Today, we run into a rare occasion where the post is on something I learned inside of school. It is a concept that I found cool, but my classmates didn’t. I think this was because it was presented to us as the method we have to use rather than a pattern that can make our life much easier.
In algebra, we run into situations where we need to plug a number into an equation, or find out what an equation equals if x equals a certain number. For instance, say you had the equation:
f(x) = x - 3
If we need to find out what this equation equals if x = 5, we do:
f(5) = 5 - 3
f(5) = 2
This was fairly easy. We just had a little subtraction. However, what if we had to plug 1 into this equation:
f(x) = x^5 - 3x^4 + 10x^3 + 2x^2 - 18x + 14
This is pretty complicated. You would have to go through this long process:
f(1) = (1)^5 - 3(1)^4 + 10(1)^3 + 2(1)^2 - 18(1) + 14
f(1) = 1 - 3 + 10 + 2 - 18 + 14
f(1) = 6
That wasn’t too bad, but imagine if that one were a two. Then we would have a problem. But there is a much easier way to do this.
1 | 1 -3 10 2 -18 14
_
Above, we have the number we are plugging in in that top left section. Then, we have the coefficients (the numbers before the x in the equation) lined up in order.
The first step to this method is to bring the one down below the line.

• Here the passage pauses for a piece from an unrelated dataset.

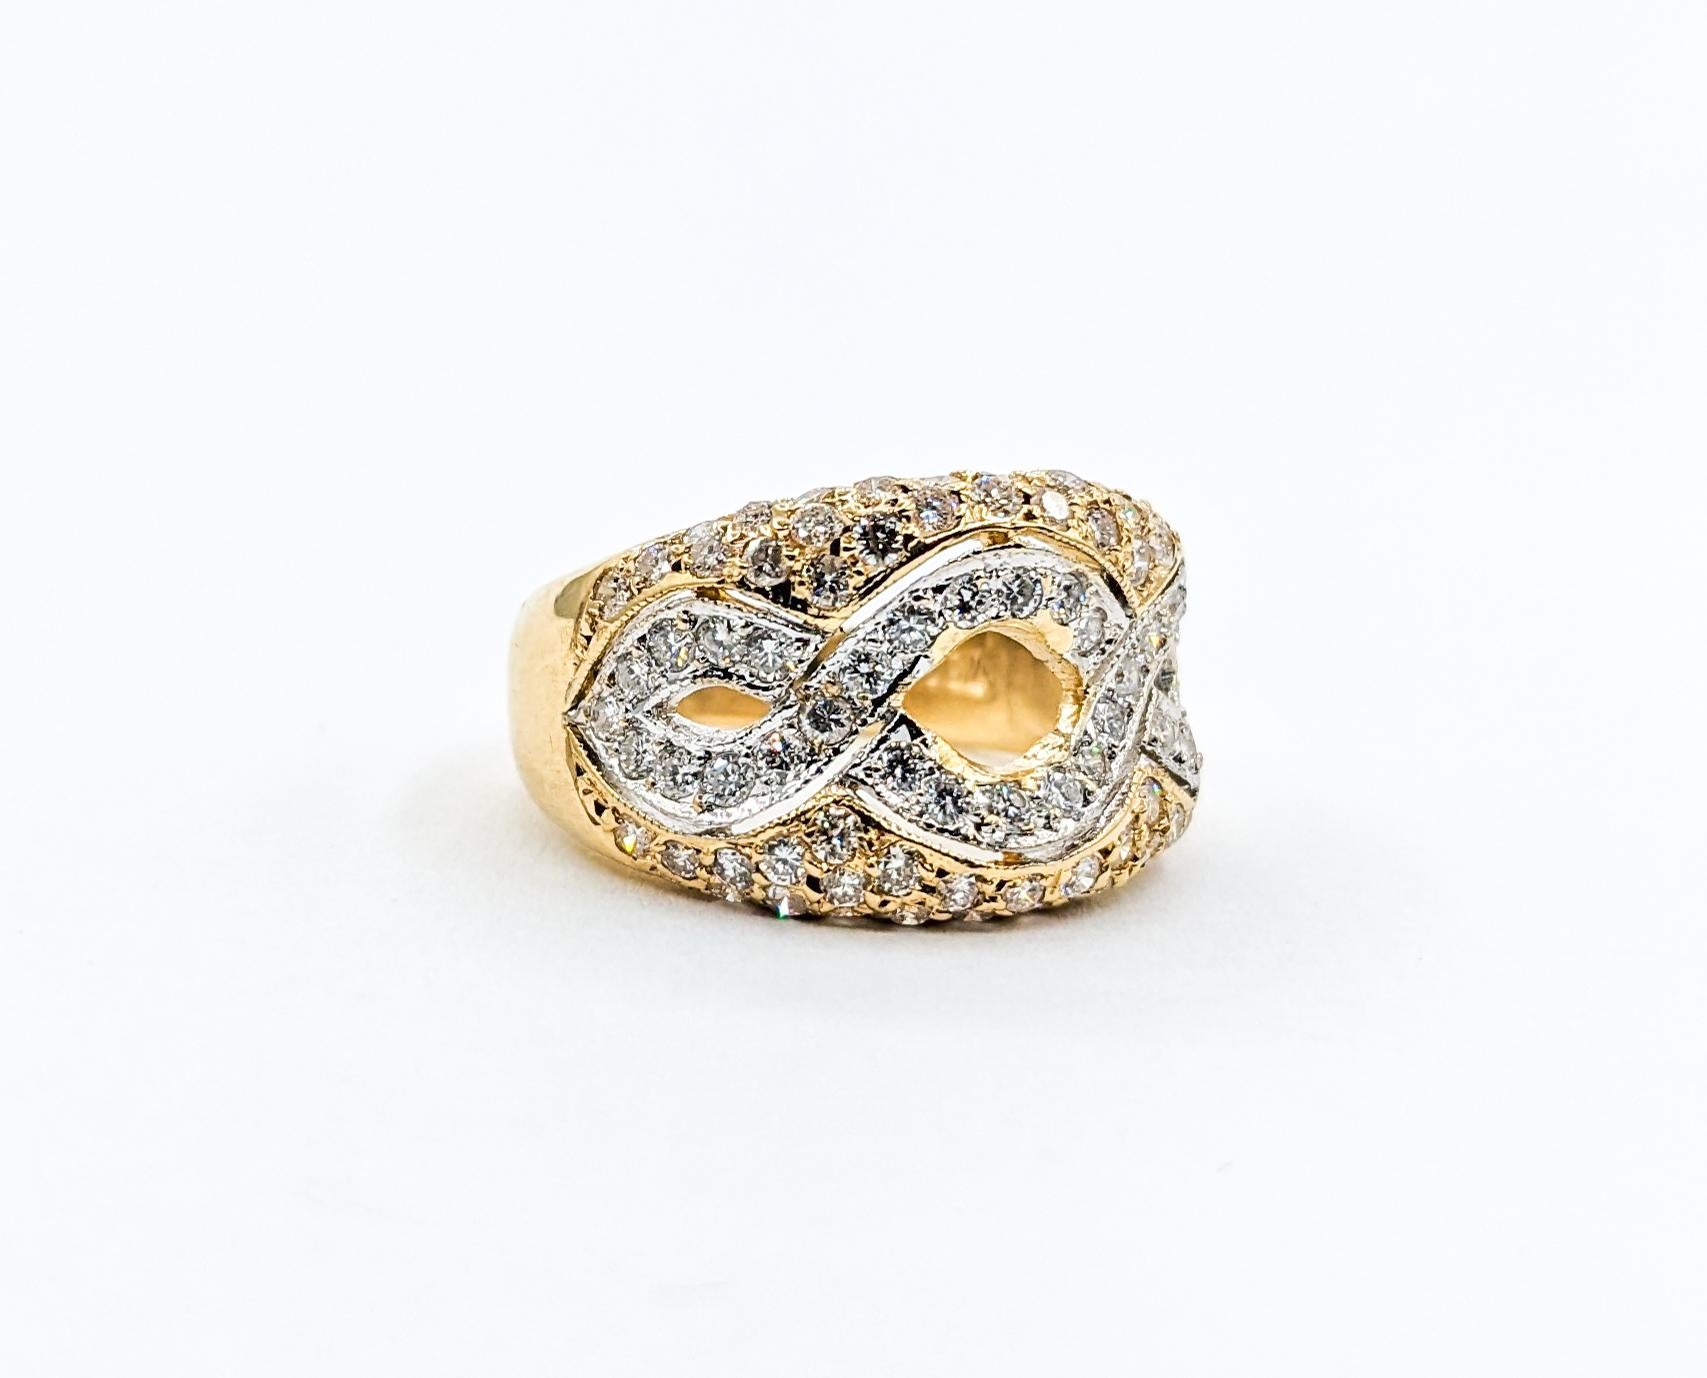 1ctw Diamond Ring In Two-Tone Gold For Sale 4

Then, you multiply that one by the number in the top left. Put that directly below the -3.
1 | 1 -3 10 2 -18 14
1 _
1
Now, we must add the numbers in that second column to get the number that goes below. -3 + 1 = -2, so we put that below.
1 | 1 -3 10 2 -18 14
1 _
1 -2
And then, we do the same process as before. -2 x 1 = -2, and we put it below the 10.
1 | 1 -3 10 2 -18 14
1 -2 _
1 -2
Now, we add, and do the same thing.
1 | 1 -3 10 2 -18 14
1 -2 8 10 -8
1 -2 8 10 -8 | 6
The last number you get after adding is the answer. In this case, we got six (I sectioned it off), and as we saw, six is what we get after plugging one into the equation.
I find this interesting not because of any patterns or proofs, but because of its simplicity. There is another reason which is a little hard to explain, but it is related to division of polynomials. I hope it didn’t seem complicated, because it really isn’t. It is very cool after you think about it.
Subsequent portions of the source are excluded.